### WHAT YOU ARE ASKED TO DO
Copy each line below as it stands, but skip any picture it contains.

### INFORMATION SHOWN
☆ ☆ ☆
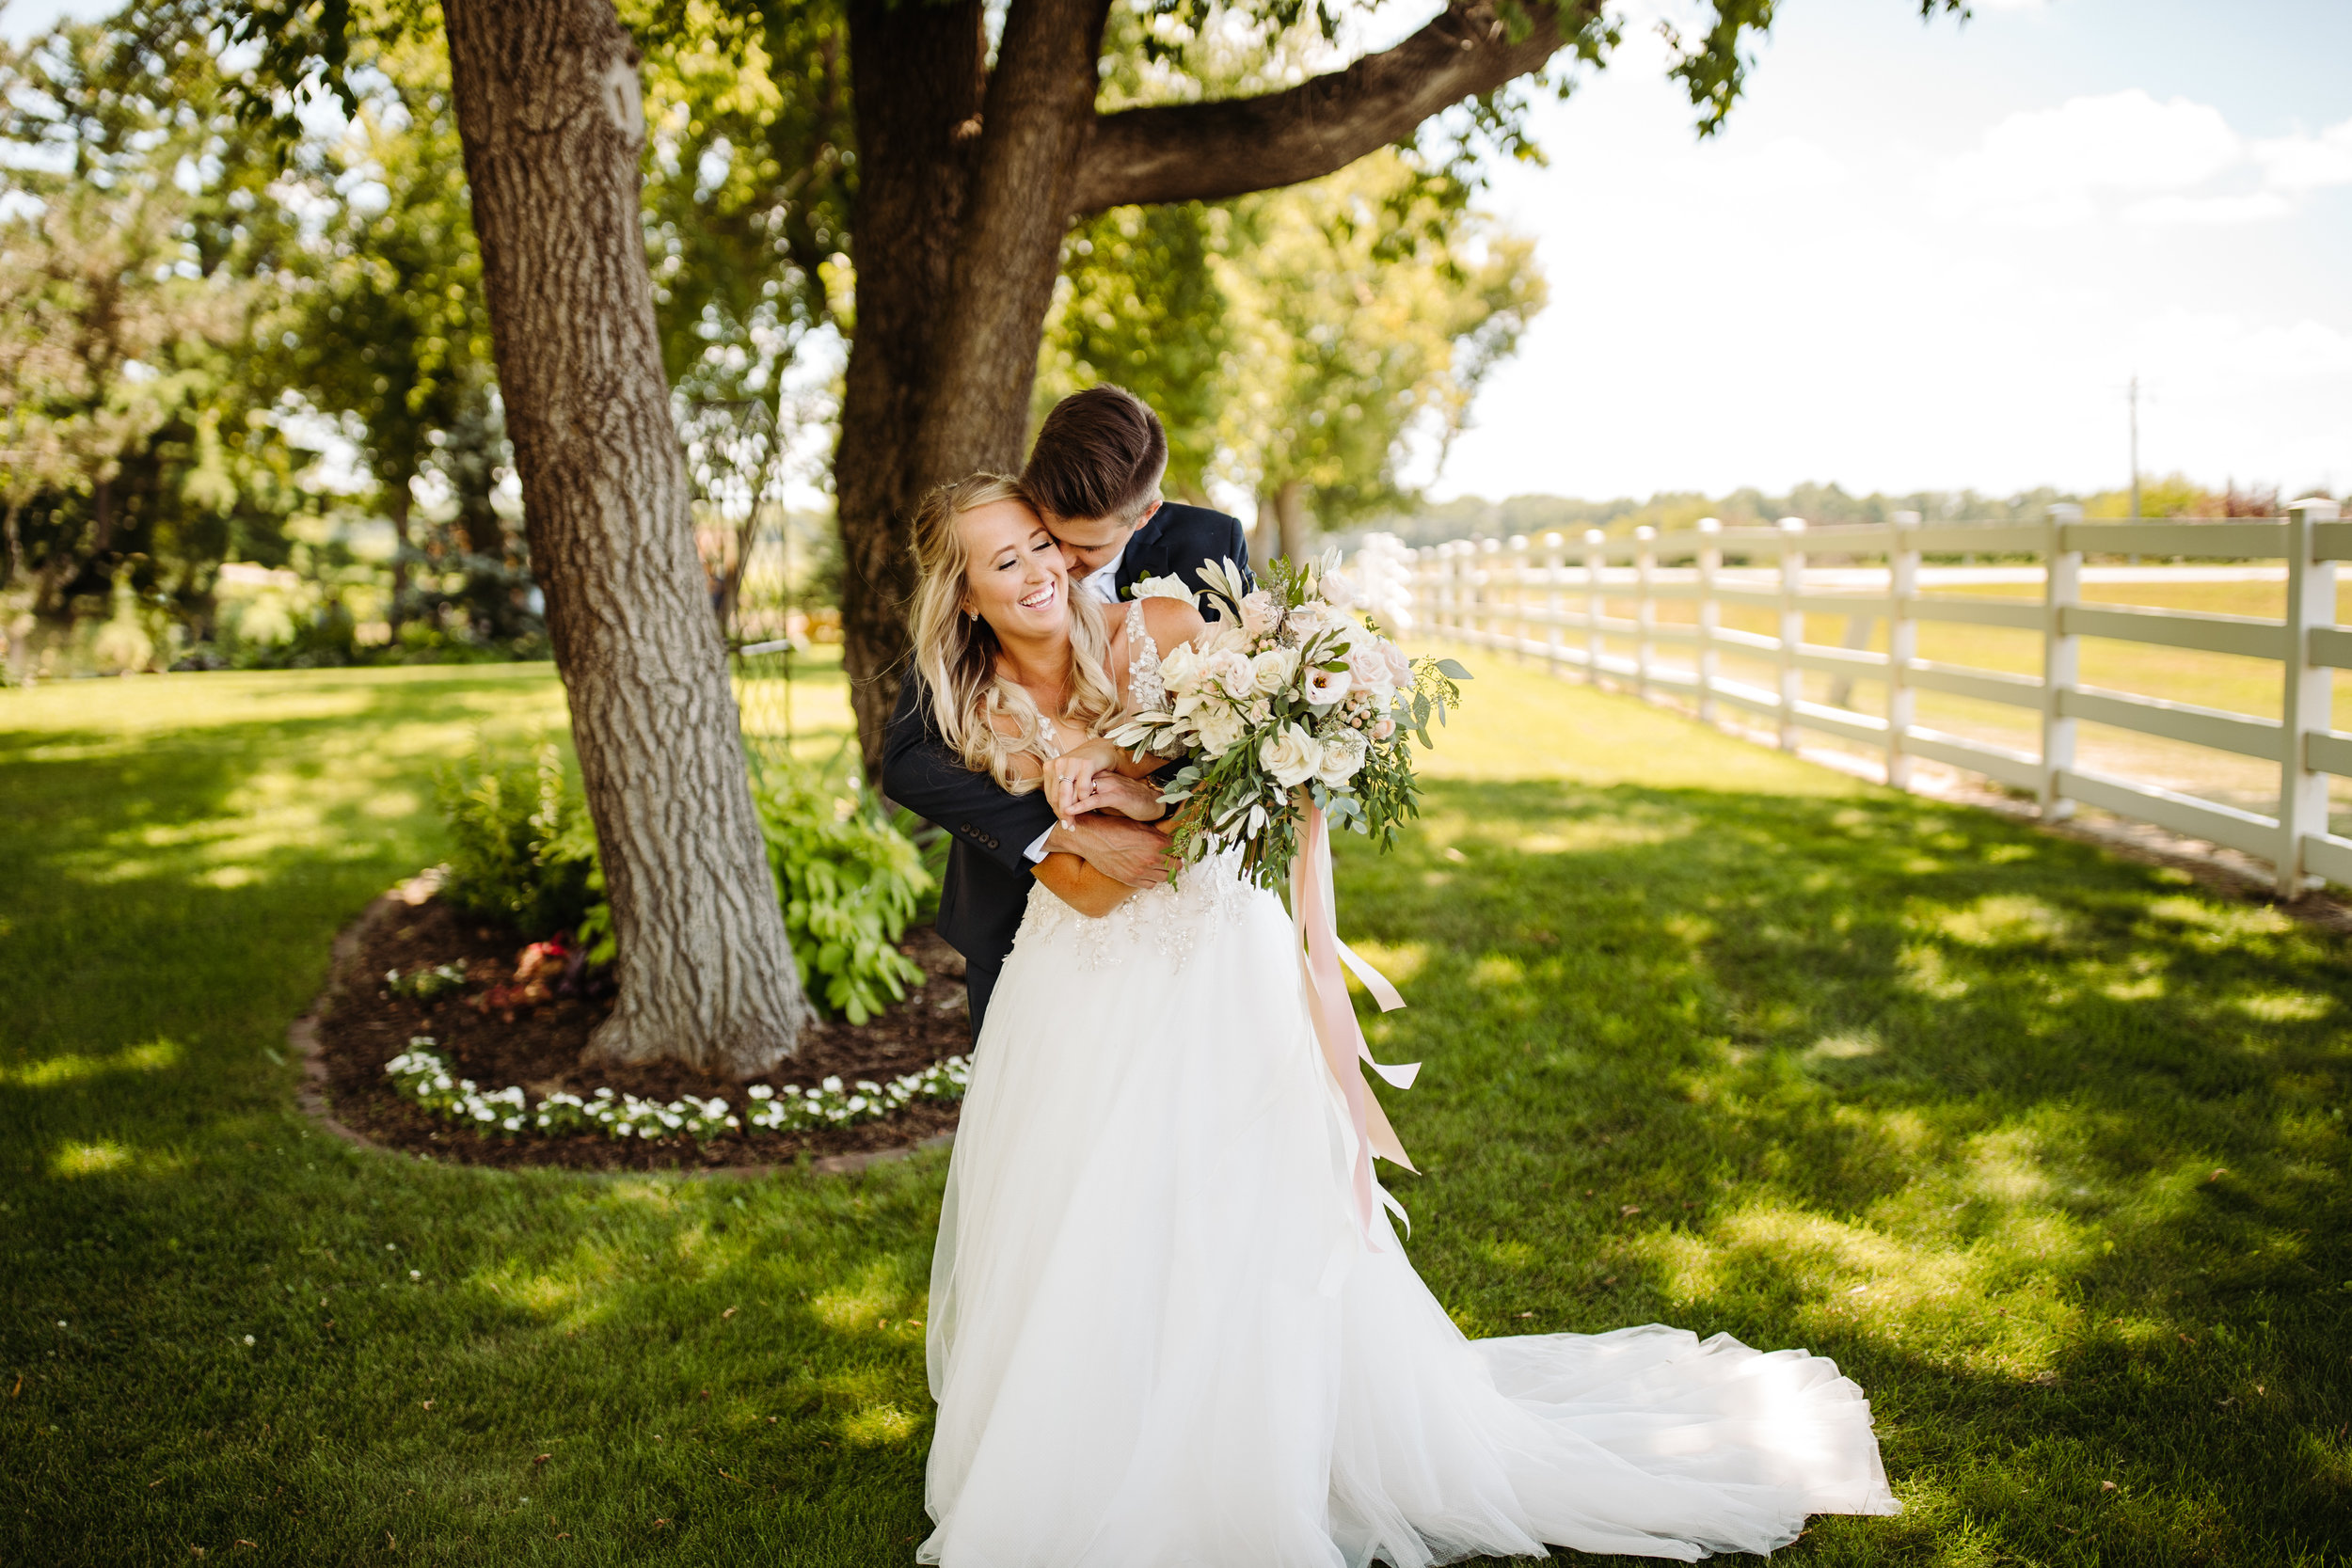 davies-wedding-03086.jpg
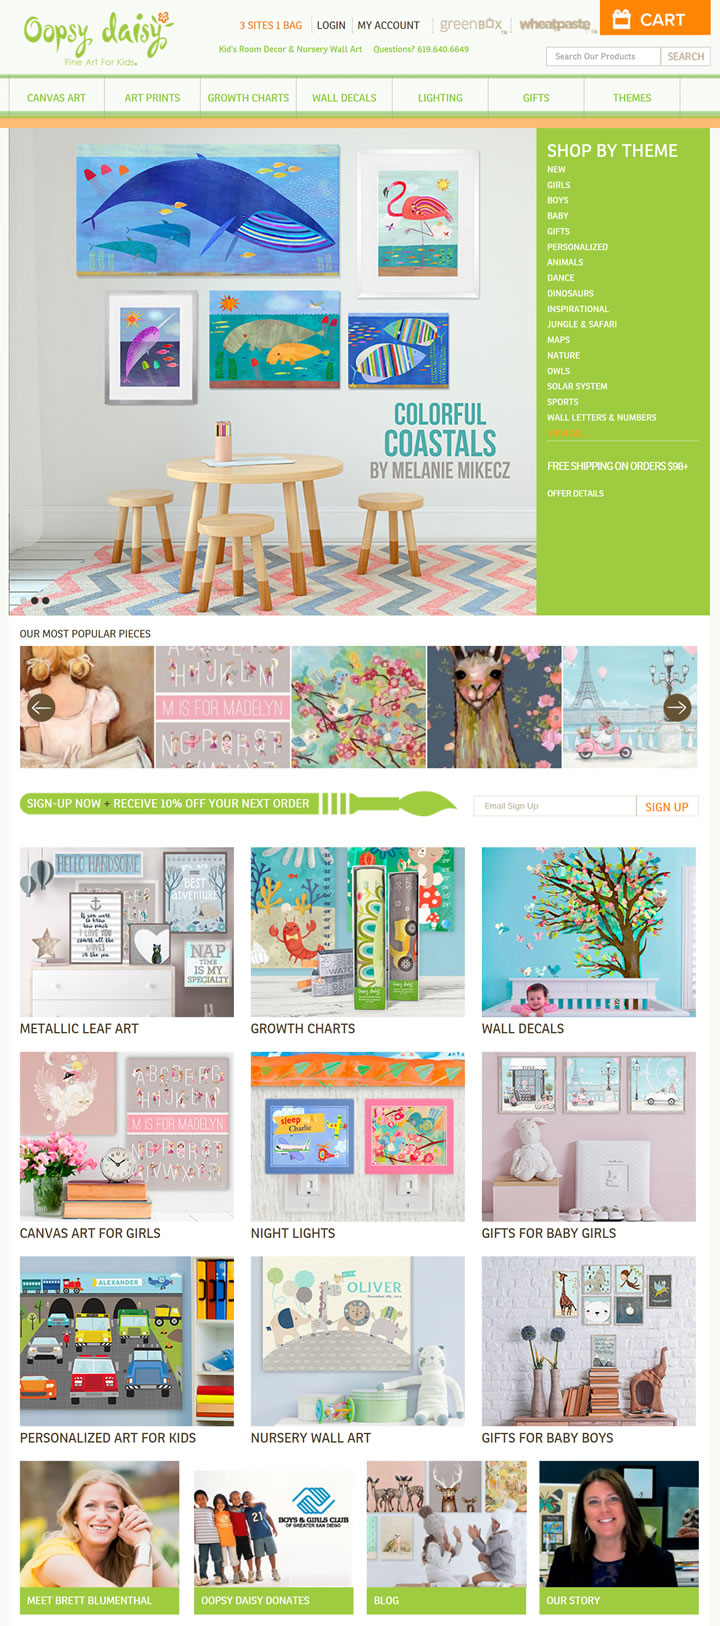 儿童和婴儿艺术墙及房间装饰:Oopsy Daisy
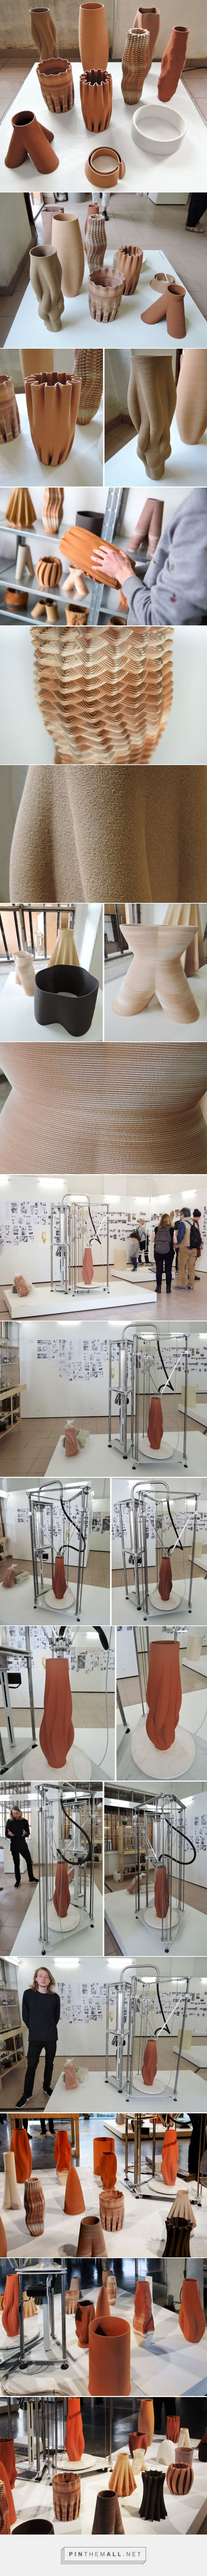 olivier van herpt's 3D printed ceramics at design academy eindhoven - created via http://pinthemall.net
☆ ☆ ☆
### RESPONSE TO THIS EXERCISE
 davies-wedding-03086.jpg
 儿童和婴儿艺术墙及房间装饰:Oopsy Daisy
 olivier van herpt's 3D printed ceramics at design academy eindhoven - created via http://pinthemall.net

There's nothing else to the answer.